So I had created a new Name type, DecodedName<'r> which shared a lifetime with the request buffer backing the BinDecoder<'r>. This meant that if the buffer was proper utf8 and in addition lowercase, we wouldn't have needed to allocate anything for query names. But I ran into an issue: all of the RecordSets are stored in a BTreeMap keyed off of RrKey which is just a wrapper type of Name and RecordType. BTree::get has this interface:

fn get<Q>(&self, key: &Q) -> Option<&V> where
    K: Borrow<Q>,
    Q: Ord + ?Sized,

I could not for the life of me figure out how get a Name implement a Borrow<Q> where Q would have been DecodeName<'r> (or RrKey to DecodedRrKey<'r> which is what would have been needed). After working through a lot of ideas, I gave up on this approach. Maybe there's a way to do it with unsafe and std::mem::transmute, but I'm trying to keep all unsafe usage out of the TRust-DNS libraries (and have been successful up to this point). So I leave that as a challenge to someone who knows Rust better than I.

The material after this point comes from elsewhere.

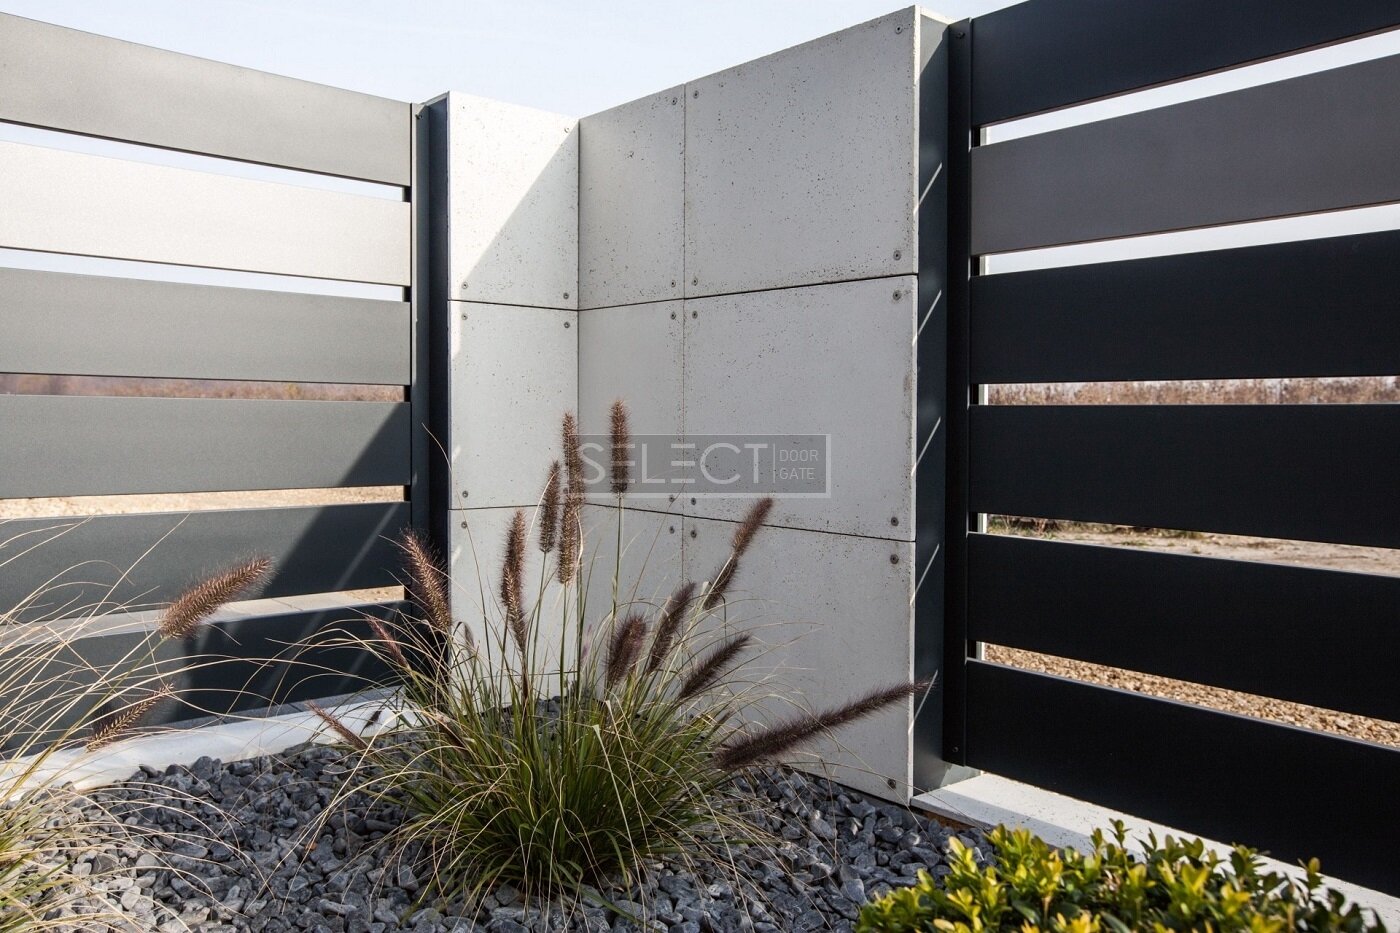 Красивый забор для частного дома - примеры фотографии изготовления от завода SELECT

Surprises Lurking in Old Code

The next thing on this list is the serialization. It turns out half our time in the RequestHandler is spent serializing and for the big ticket item, serialization of the Records:

374.2ms   19.8%	624   19.5%	2.5	 	    _$LT$trust_dns_server..server..server_future..ServerFuture::handle_request
148.7ms    7.8%	237    7.4%	5.7	 	       trust_dns_server::server::request_stream::ResponseHandle::send
...
57.9ms    3.0%	95    2.9%	6.0	 	         _$LT$trust_dns_proto..rr..resource..Record::emit
29.5ms    1.5%	48    1.5%	0.6	 	          trust_dns_proto::rr::record_data::RData::emit
...
14.9ms    0.7%	23    0.7%	2.4	 	         _$LT$trust_dns_proto..rr..resource..Record::clone

The last one surprised me, though, I spent a lot of time making sure that references were passed to individual records stored in the Authority. Turns out, in some of the original code, I had been lazy and had delayed making a borrowed version of Message. This means all the records inserted into the response Message ended up being cloned. It's not the most substantial cost of the send, but it's ugly in Catalog::lookup:

    pub fn lookup(&self, request: &Message) -> Message {
        let mut response: Message = Message::new();
        // ...
        // CLONE!!
        // ...
        response.add_queries(request.queries().into_iter().cloned());

        // ...
        for query in request.queries() {
            if let Some(ref_authority) = self.find_auth_recurse(query.name()) {

                let records = authority.search(query, is_dnssec, supported_algorithms);
                if !records.is_empty() {
                    response.set_response_code(ResponseCode::NoError);
                    response.set_authoritative(true);

                    // ...
                    // CLONE!!
                    // ...
                    response.add_answers(records.iter().cloned());
                    // ...
                }
                // ...
            }
          // ...
        }

        // ...
    }

Message was one of the first things written in the library, I had not yet become as comfortable with the type system in the language enough to understand[3] the patterns for writing generics over owned and unowned data in Rust. But now, I get to clean this 💩 up. By introducing a new Message type, MessageResponse, there is now a zero (less) copy Message type:

pub struct MessageResponse<'q, 'a> {
    header: Header,
    queries: Option<&'q Queries<'q>>,
    answers: Vec<&'a Record>,
    name_servers: Vec<&'a Record>,
    additionals: Vec<&'a Record>,
    sig0: Vec<Record>,
    edns: Option<Edns>,
}

This MessageResponse type only has strong ownership of the data it requires, things like sig0 and EDNS, which are dynamically constructed per request. Notice this has two lifetimes (Message did not have any), 'q and 'a. 'q represents the request lifetime of Queries<'q> which itself is a new type for this change. Queries<'q> carry a reference to the request buffer's query section, which is now used to stream those directly back in the encoding of the response. This means that we only need to decode queries, but not encode them so much as just write the exact same bytes to the response packet (this is jumping ahead a little bit, see below for the discovery of the expense of Query serialization). The 'a is the lifetime associated with the answers. These lifetimes are associated with Authority in the Catalog of the Server. There used to be a clone of each of those answer Records, but now we share a reference back to the Authority so there is no clone.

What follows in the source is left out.